Am completely new to docker. I’ve been following the tutorials online and everything went fairly well, until I got a unpleasant surprise. Docker loses some of my data when I restart the container.
I know I can commit changes just before I restart the container. I find this tedious. Also there’s a possibility that the host OS can restart, hence not giving me time to save the state of my docker image. My question is ; can this be done automatically?
Also I read about creating volumes which persist your data in /var/lib/docker which is good. But this is only applicable to specific directories of the docker image. I want a solution that persists the entire docker image automatically. Thanks
Right, and this is important. When you docker run a container, it gets a temporary filesystem that’s a copy-on-write version of the filesystem in its underlying image.
It is totally normal and expected to need to occasionally restart a container for whatever reason. Maybe the host system dies; I’ve had some trouble with the Docker daemon hiccuping; in multi-host environments you might need to move a container to a different host. The container should be able to reconstruct whatever state it needs on startup.
Usually a container does only one thing, and so you can specify pretty concretely where its state is. If a container runs, say, Elasticsearch, the underlying data is in /usr/share/elasticsearch/data and that should be in a volume, but besides the application and its configuration, there’s nothing else in a container.

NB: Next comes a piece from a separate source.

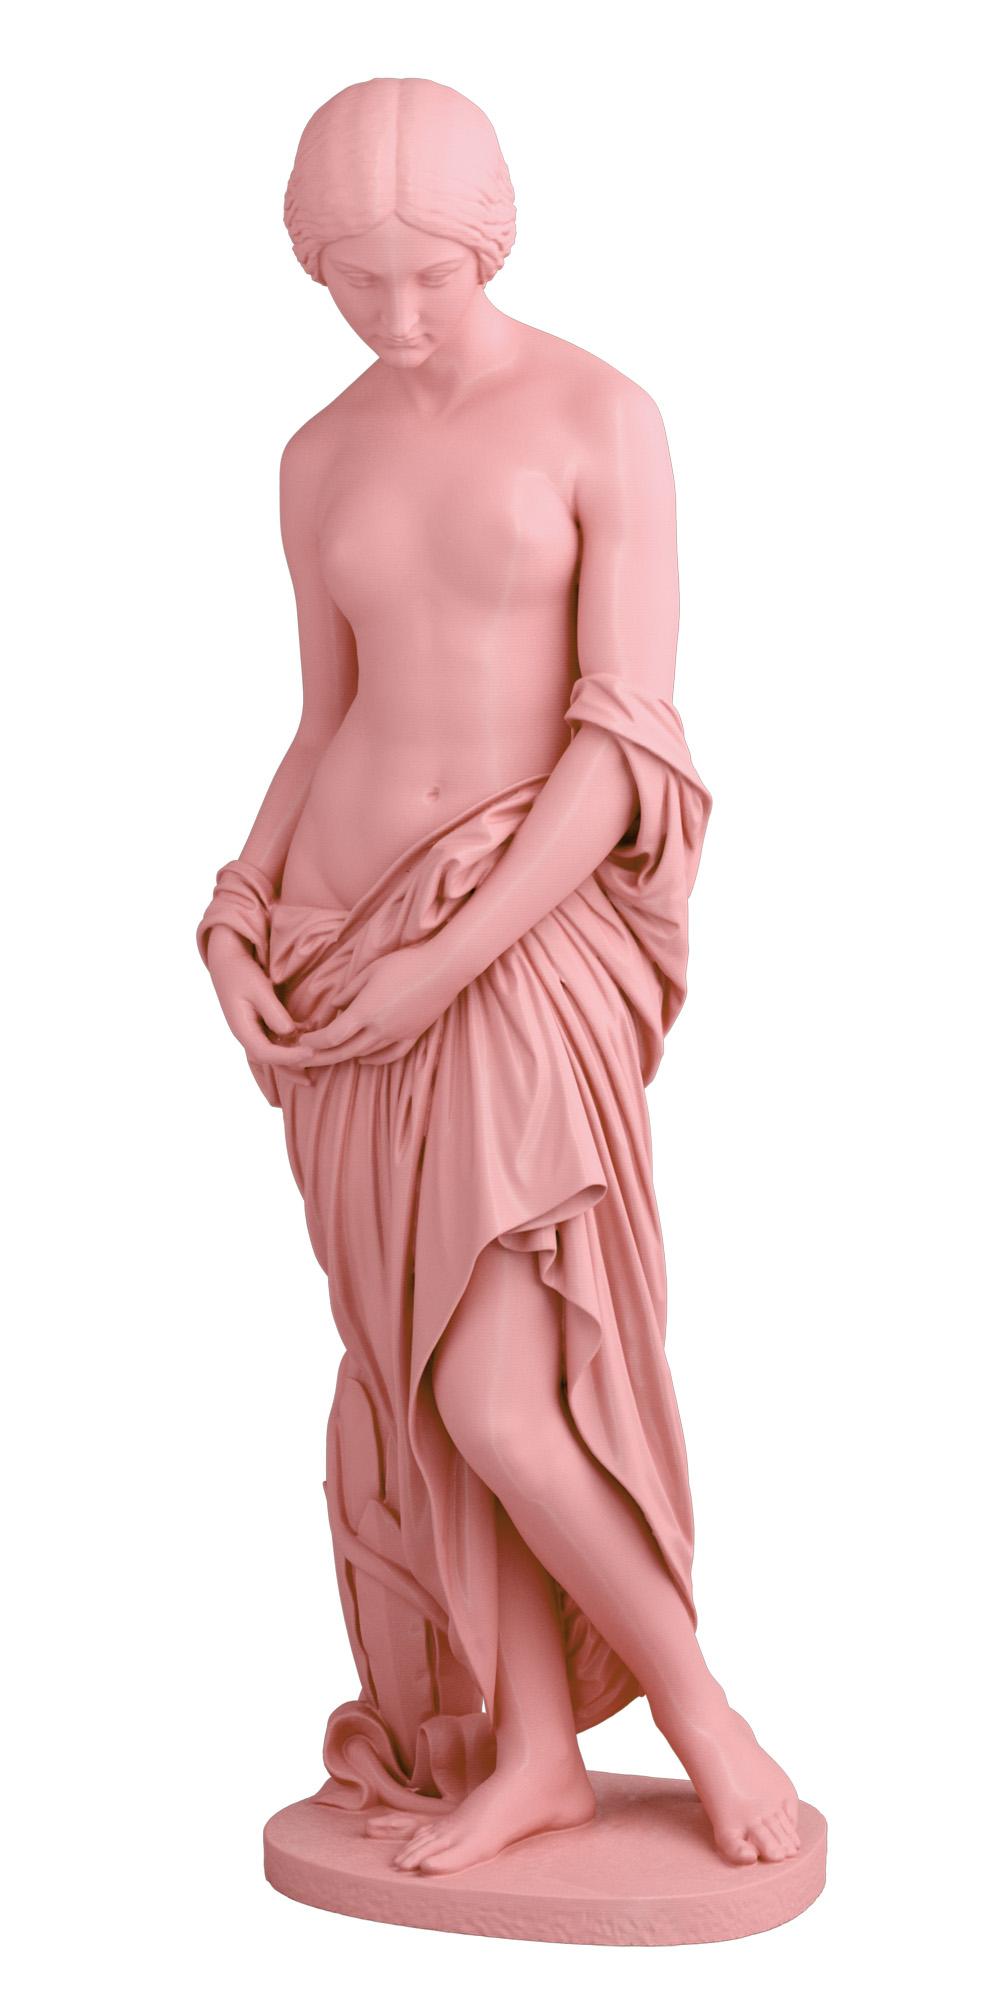 3D Printed Statue of Aphrodite

One other important part of the story is docker build and the Dockerfile system. Re-running docker build is usually pretty efficient because Docker won’t repeat work it’s already done. So the best way to set things up is to write a Dockerfile to install a single application, possibly add an ENTRYPOINT script to do startup-time setup, and if you ever need to change this setup, update the Dockerfile (and hg commit it to source control) and rebuild the image.

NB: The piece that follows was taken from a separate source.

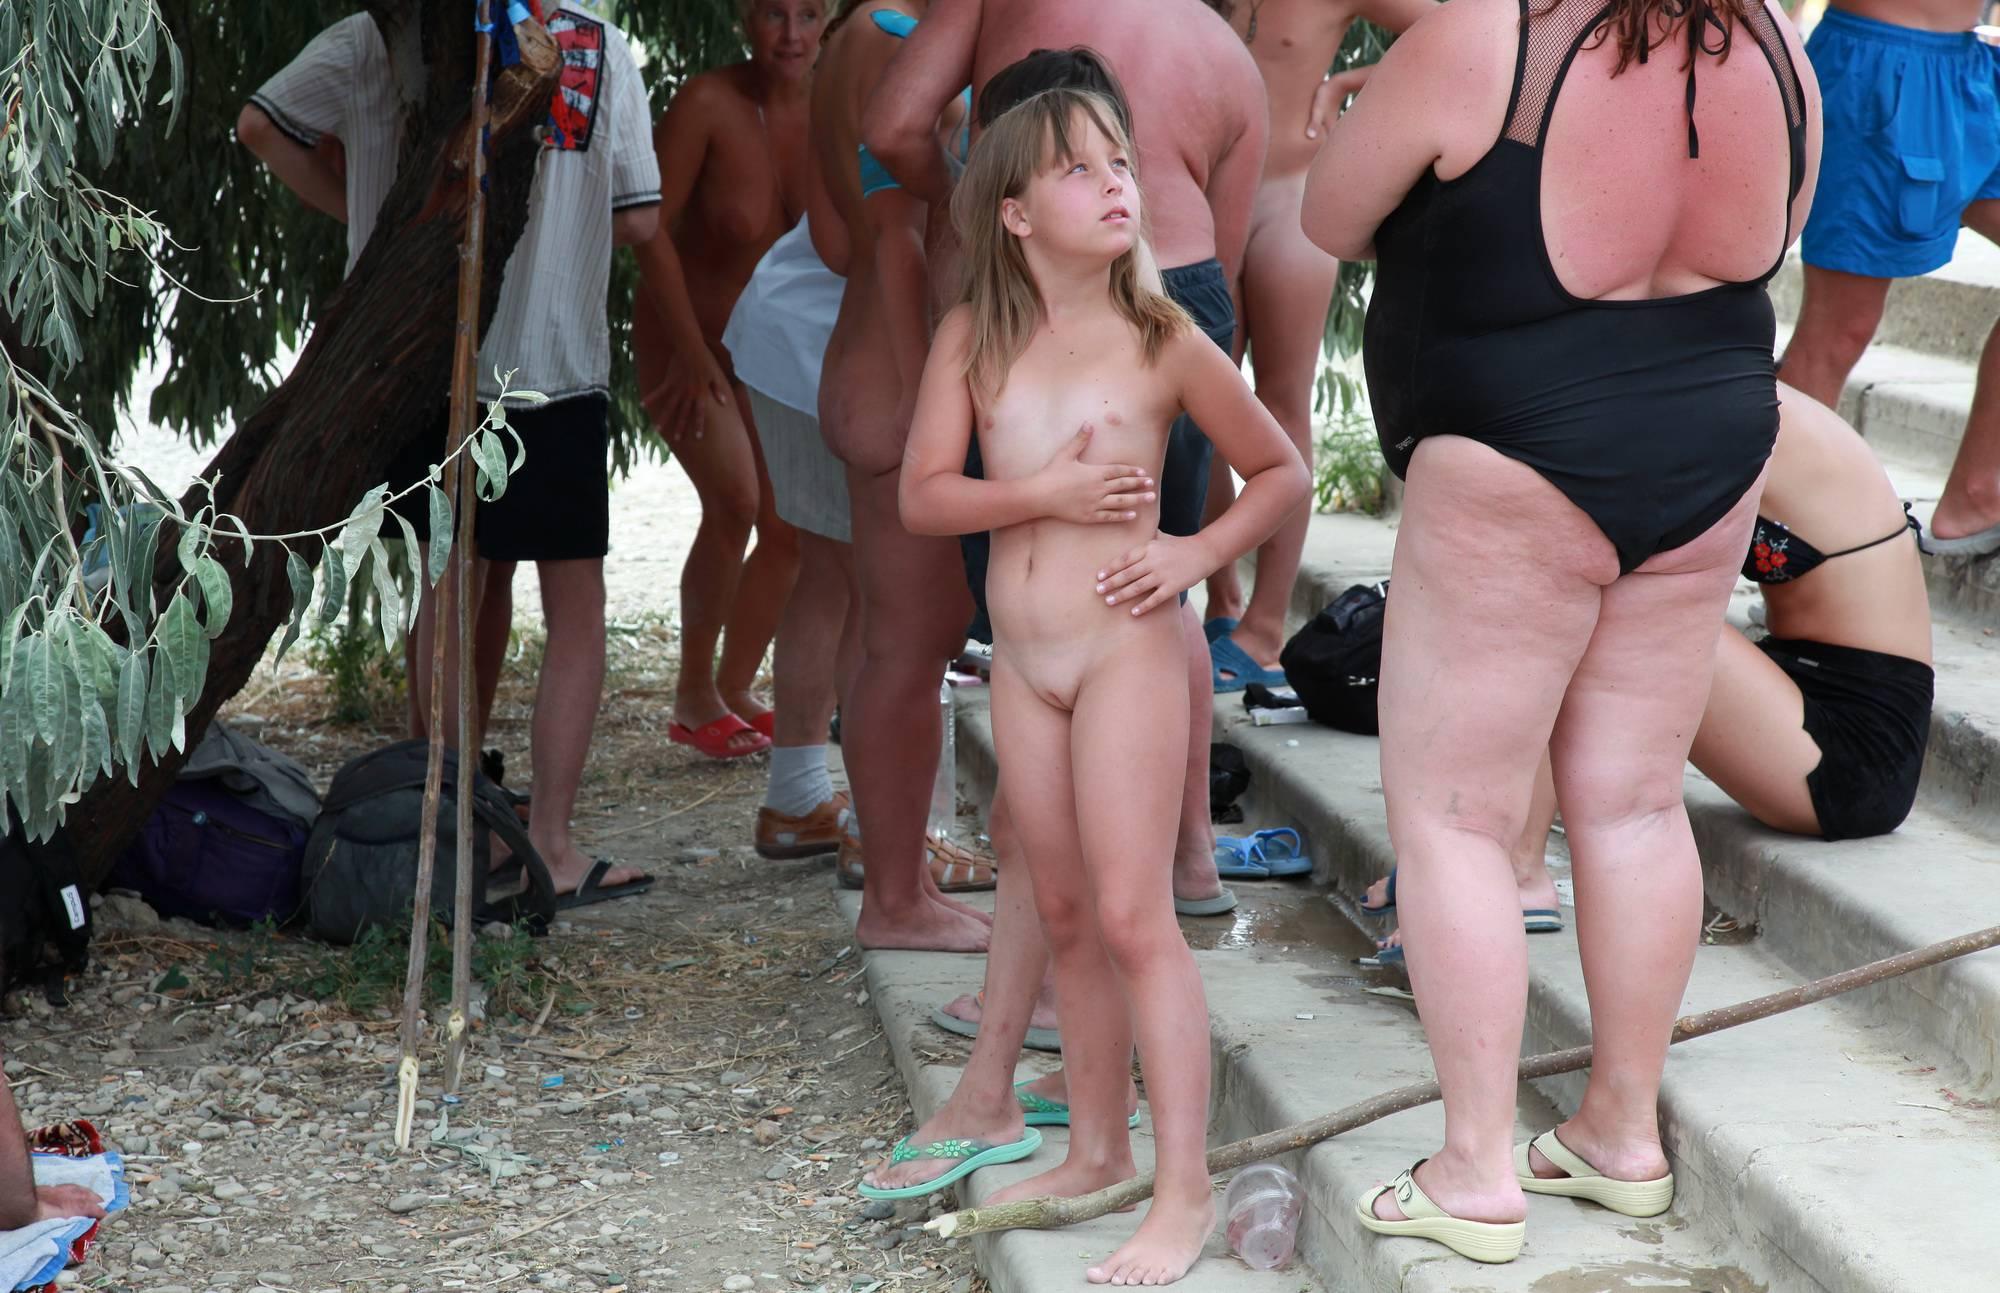 Nudist Pictures Neptune Two Nudists Wait - 2

Finally, there’s an option to map parts of the host filesystem into the container, also using the docker run -v option. This should probably be used sparingly, but I find it an extremely convenient way to inject configuration files into the container and get log files back out. (I do sort of have the impression that using host directories at all is considered not a best practice, though.)
So, in summary:
docker build an image out of your application.
Commit the build artifacts to source control, so you can easily rebuild the image later.
Use environment variables or a host directory to inject configuration; use named volumes to store data across container runs.
Now there is nothing “precious” in the container itself and you can freely docker rm it without losing anything.